'Replevin. Suit brought before a justice of the peace. Plaintiff filed the usual declaration in replevin. Defendant interposed a plea to the jurisdiction of the court, setting forth that he was a constable, and held the property under a writ of attachment issued by another justice of the peace, in a suit wherein one Cummings was plaintiff and one Schilkie was defendant. To this plea plaintiff demurred. The justice rendered judgment in favor of defendant, quashing the writ of replevin, and ordering a return of the property.
It is urged that the justice’s court which issued the writ of attachment obtained jurisdiction of the property, and that, therefore, no other court of concurrent jurisdiction could interfere with it.

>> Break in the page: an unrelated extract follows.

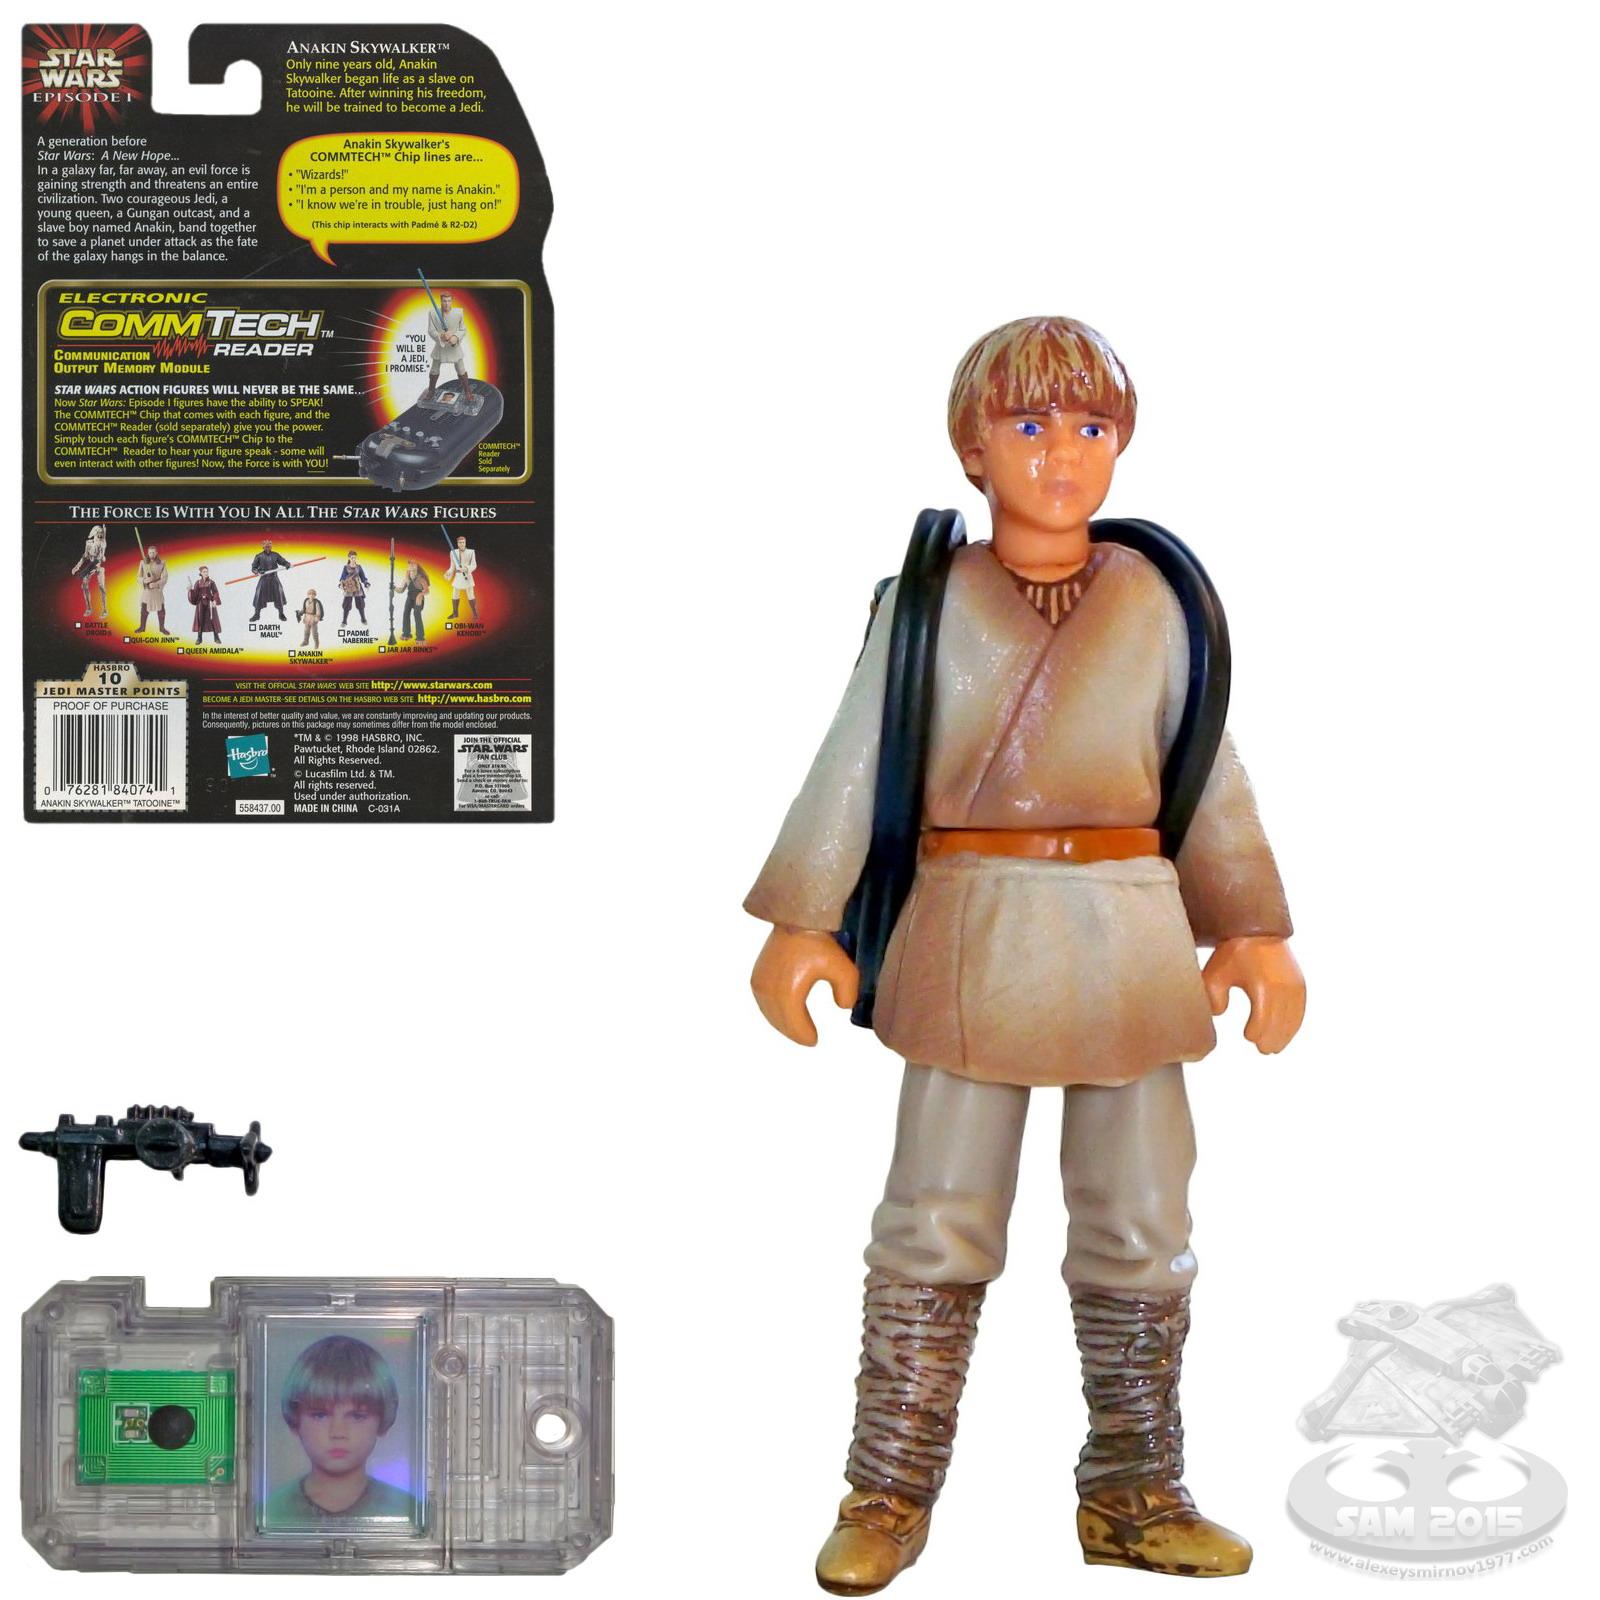 STAR WARS EPISODIO 1 Anakin Skywalker Pilota NABOO Figura commtech Chip in massa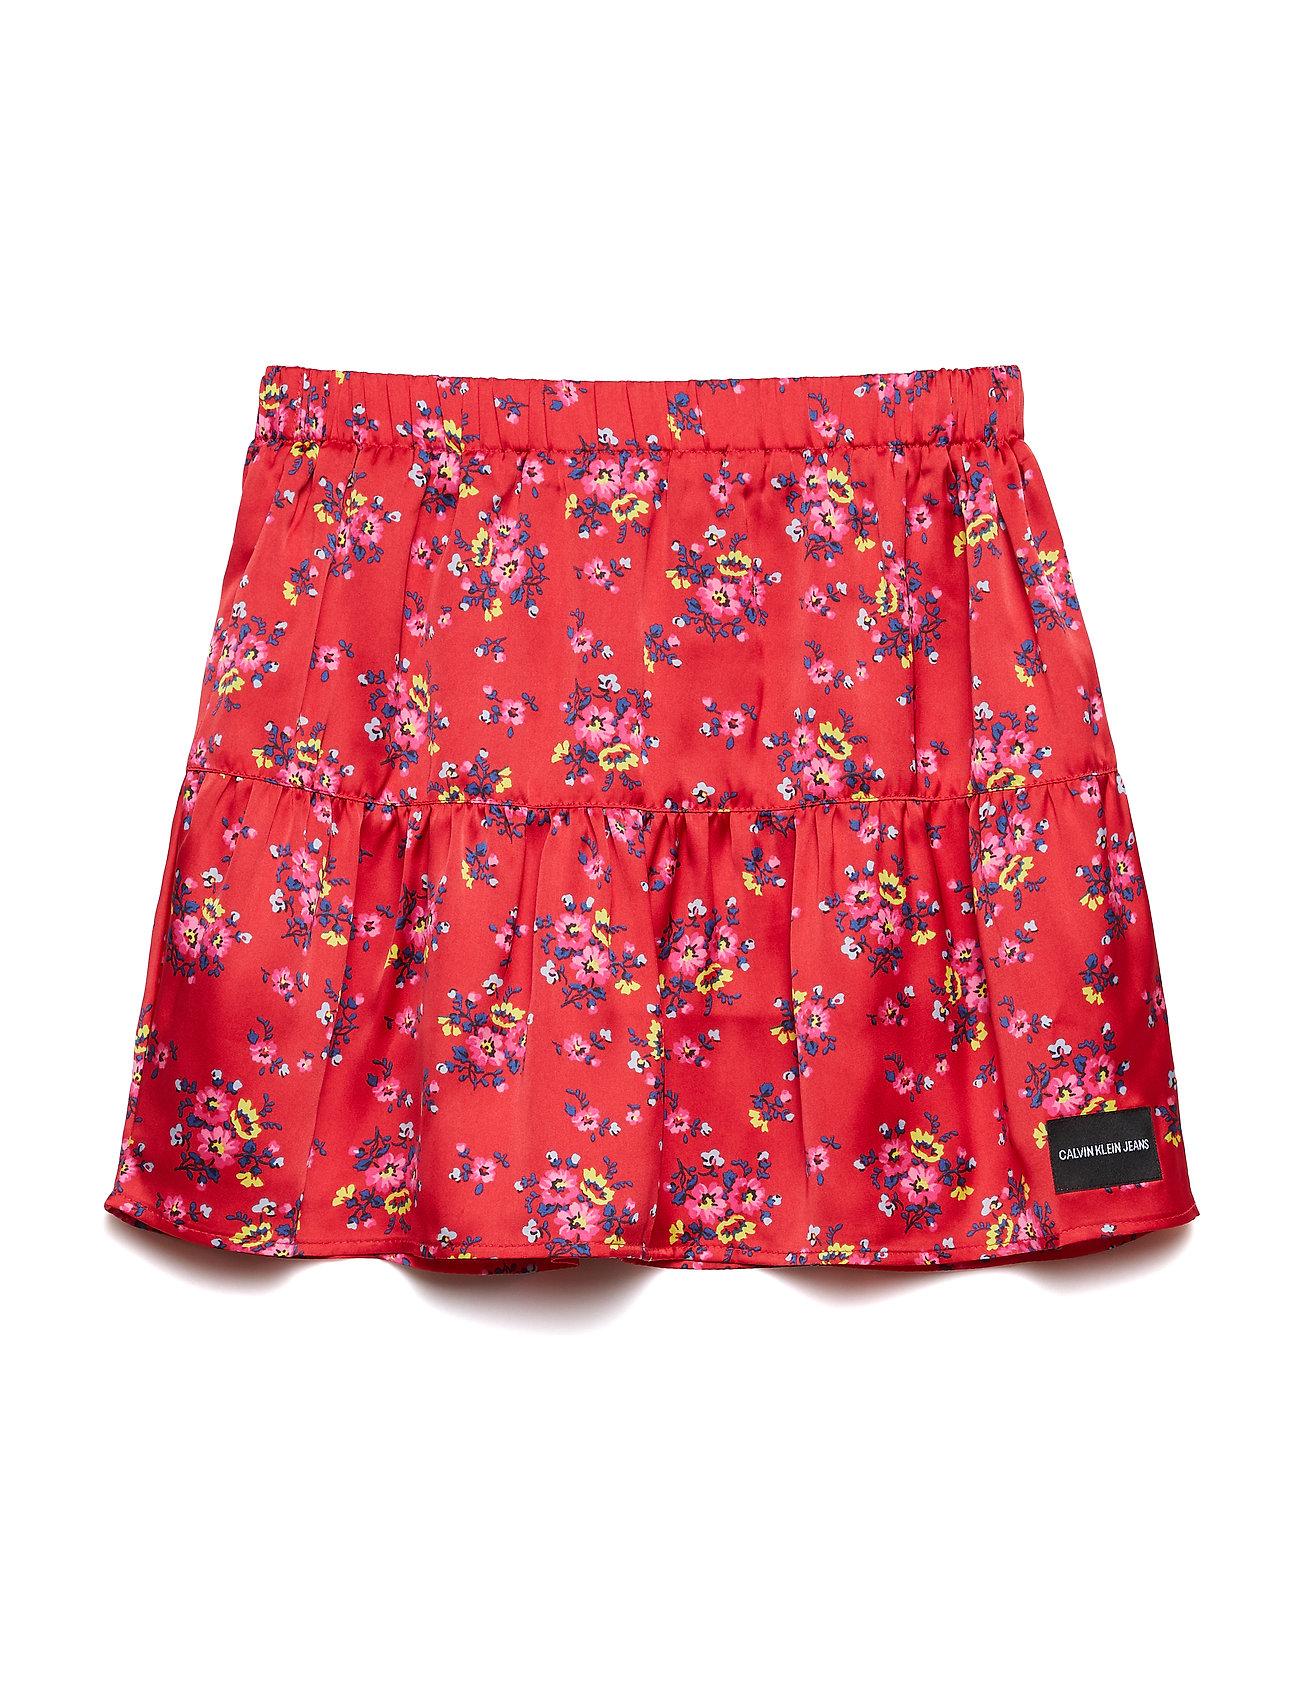 Calvin Klein SATIN FLOWER SKIRT - RACING RED

We are of the contrary opinion. The owner of personal property, or one entitled to its possession, may bring suit therefor in any court having jurisdiction over the action of replevin and of the parties to the suit. The law does not require him to ascertain, before bringing suit, by what claim one in the wrongful possession of his property claims to hold it, nor, if he does know it, to plant his suit in the same court as that from which an attachment or execution is issued. Overall v. Pero, 7 Mich. 314; Weber v. Henry, 16 Id. 399.
*353In O’Connor v. Gidday, 63 Mich. 630, a wife brought replevin in one court to recover goods which had been seized by the defendant, an officer, under a writ of execution issued from another court against her husband, claiming that the goods were exempt. Many other similar cases will be found in the reports of this Court.
Judgment reversed, and case remanded for further proceedings.
Morse, O. J., McGrath and Long, JJ., concurred.